When you write your audits, this lesson becomes a checklist. Your audit should include a clear statement of inputs, outputs, and dependencies. If you cannot list them, you do not yet understand what the claim requires. If you can list them, you are ready for the next step.

In the next lesson, we will build on this understanding by mapping feedback and control loops. That is where you see whether the system can regulate itself or whether regulation is being assumed without a mechanism.

Lesson Summary

Systems operate by processing inputs to perform functions and produce outputs. Evaluating biological explanations effectively requires a clear identification and understanding of three key elements: inputs, outputs, and dependencies.
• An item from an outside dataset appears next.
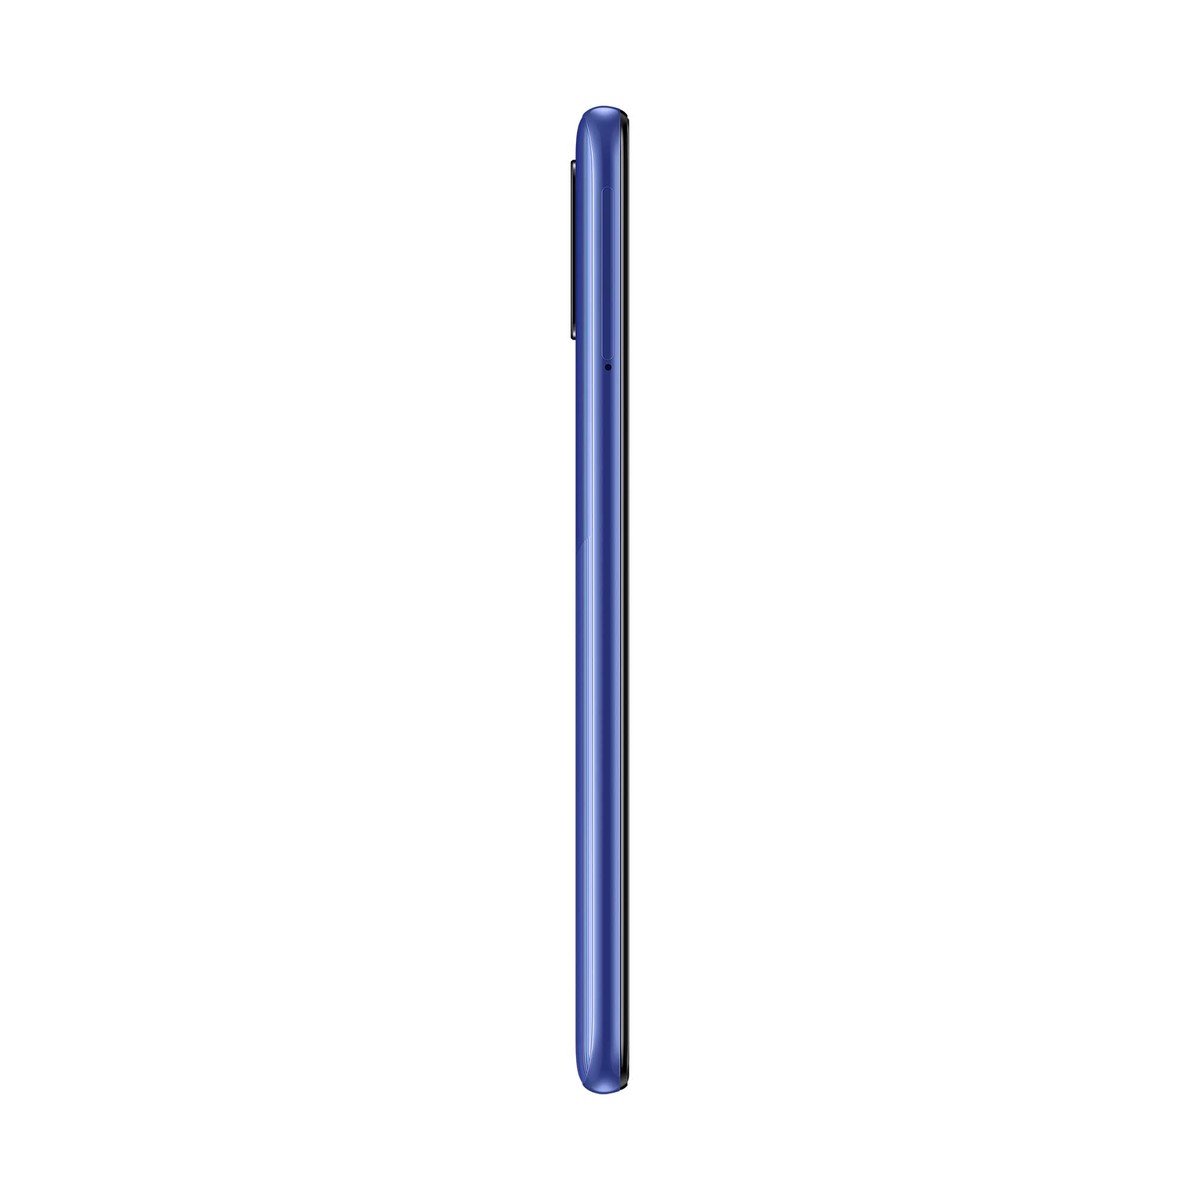 Samsung Galaxy A31 SMA315 128GB Blue

Inputs are essential substances or conditions needed for the system to function. In biology, these often include:

  • Energy sources
  • Raw materials
  • Environmental factors (e.g., temperature, pH)
  • Timing signals
  • In laboratory contexts, also purified reagents, pre-built components, controlled cycles, and human-controlled condition selections

If removing any element causes the system to stop working, that element is an input or a dependency, regardless of whether it seems natural or artificial.

Outputs are the measurable results or products the system generates. These need to be clearly defined and quantifiable to allow independent verification. Examples include:

  • Specific RNA strands of defined length and properties under certain conditions
  • Behavioral responses
  • System-level performance metrics

Vague statements such as “forms something like RNA” do not qualify as outputs.
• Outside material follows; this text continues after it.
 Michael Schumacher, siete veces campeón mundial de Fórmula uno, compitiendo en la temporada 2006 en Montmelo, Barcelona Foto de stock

Dependencies are conditions or supporting mechanisms the system needs to maintain function, even if not explicitly labeled as inputs. Examples include:

  • Stable temperature
  • Repeated wet-dry cycles
  • Narrow pH range
  • Isolation from interference
  • Error-correction mechanisms

Such dependencies often carry costs in terms of maintenance and enforcement and must be documented as part of the system’s requirements.

Recognizing dependencies guards against overstated claims like “self-organization” when the system actually requires external support (e.g. tight temperature control, purified reagents, human intervention). This clarifies what claims realistically mean.

Three key questions for evaluation:

  • What goes in? List all required inputs including energy, materials, and conditions.
  • What comes out? Define the outputs in clear, measurable terms.
  • What must be true for outputs to continue? Identify dependencies and frame them as explicit requirements.

This approach allows fair comparison of alternative theories by examining hidden dependencies, control explanations, and operational realism. It focuses on tracking system requirements rather than philosophical debate.

Additionally, be alert to “outsourced functions”, where key processes occur outside the system’s boundaries, such as:

  • Selection imposed by experimenters rather than emerging internally
  • Cycles enforced by laboratory protocols instead of natural environment
  • Information supplied by designed sequences instead of system-generated

These are boundary realities, not accusations.

In practice, audits should always include a documented list of inputs, outputs, and dependencies. If these cannot be clearly stated, it indicates incomplete understanding of the claim.

The next lesson will build on this foundation by exploring feedback and control loops, revealing whether the system regulates itself or if regulation is assumed without mechanisms.